Could we have more details in the PR description? I can follow what it fixes but I believe we should better describe details for other guys to follow the history in the future. To me, it has been always hard to track such changes and ensure the root cause of a bug.

BTW, the change itself seems fine to me.

I added some description and support for leap seconds

SparkQA · 2017-09-16T16:52:55Z

Test build #81845 has finished for PR 19234 at commit bed6193.

This patch passes all tests.
This patch merges cleanly.
This patch adds no public classes.

gatorsmile · 2017-09-16T23:13:15Z

Could you mark [PySpark] in the title? cc @ueshin

ueshin · 2017-09-18T04:52:37Z

LGTM.

maver1ck · 2017-09-18T07:12:28Z

Any idea why we're not using
datetime.datetime.fromtimestamp(ts / 100000.) ?
There is a comment about overflow.
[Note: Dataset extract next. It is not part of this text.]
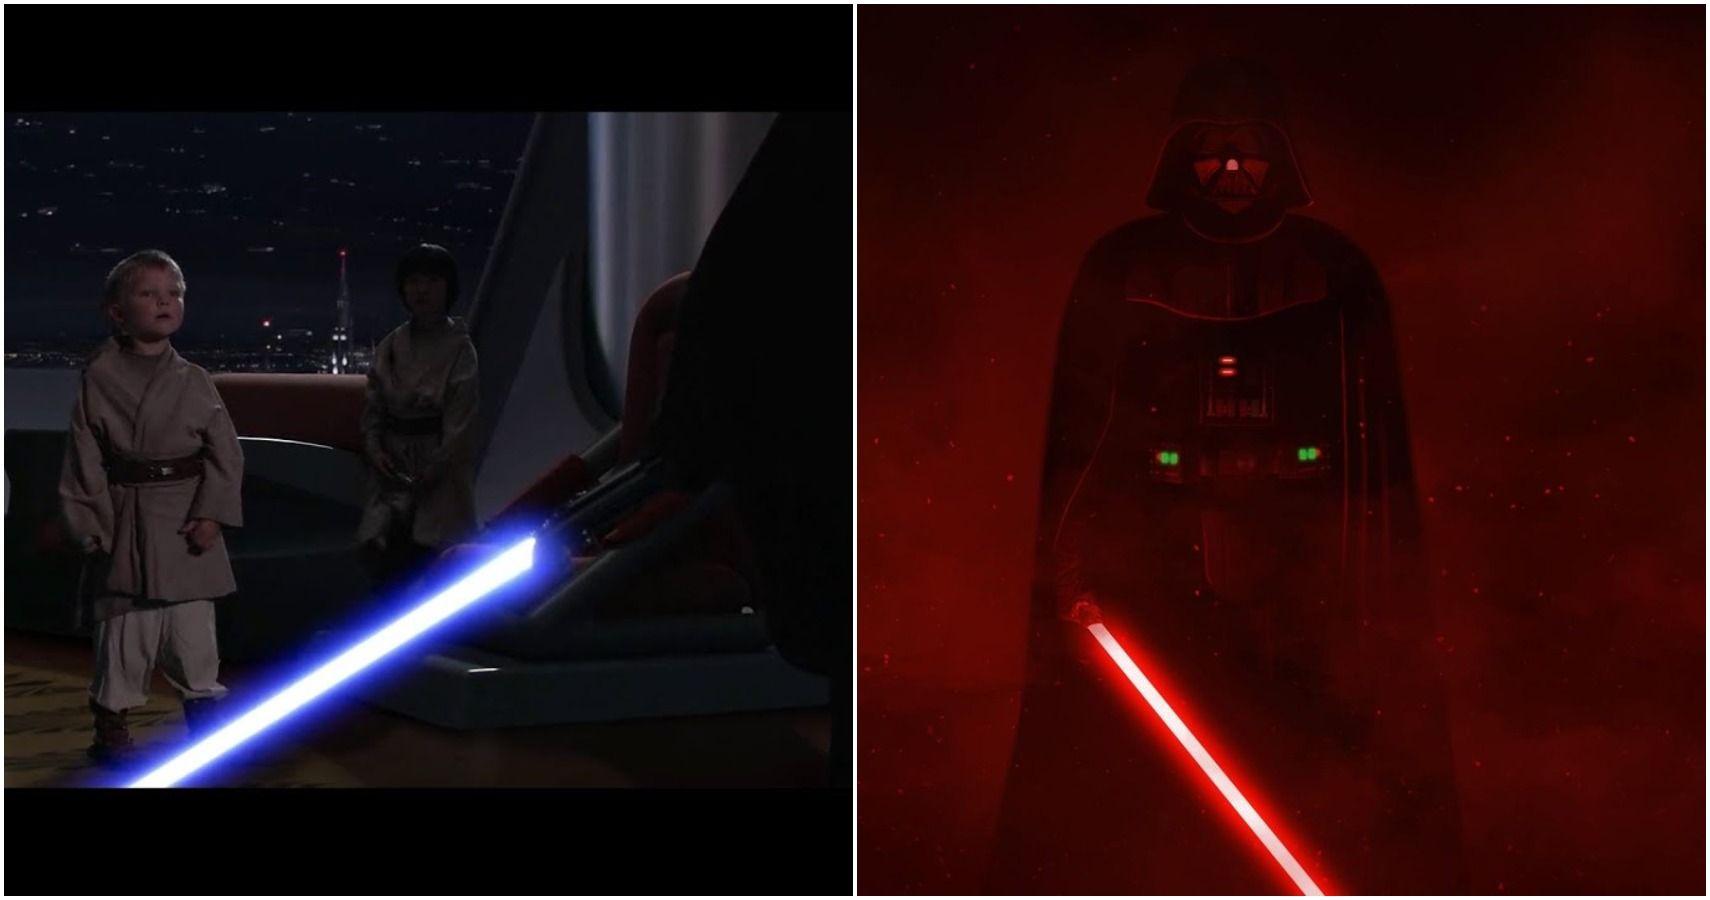 Geiler Darth Vader Zerfickt Schlampe

But if it exists ?

maver1ck · 2017-09-18T07:13:07Z

I'm asking because such a code is 2x faster than my solution

HyukjinKwon · 2017-09-18T08:18:41Z

I think it was changed back in #7363. I think that avoids precision loss from Python's float limitation:

>>> decimal.Decimal(1 / 1e6)
Decimal('9.99999999999999954748111825886258685613938723690807819366455078125E-7')
>>> decimal.Decimal(1 / 100000)
Decimal('0')
>>> decimal.Decimal(1 / 100000.)
Decimal('0.000010000000000000000818030539140313095458623138256371021270751953125')

Also, I think // is used for Python 3 behaviour:

>>> 5 / 2
2.5
>>> 5 // 2
2

maver1ck · 2017-09-18T10:20:15Z

I check with some samples and code with float can trigger errors.

HyukjinKwon · 2017-09-18T13:57:21Z

Seems fine to me too as is. @maver1ck, I think you could take out [WIP] and let it be merged.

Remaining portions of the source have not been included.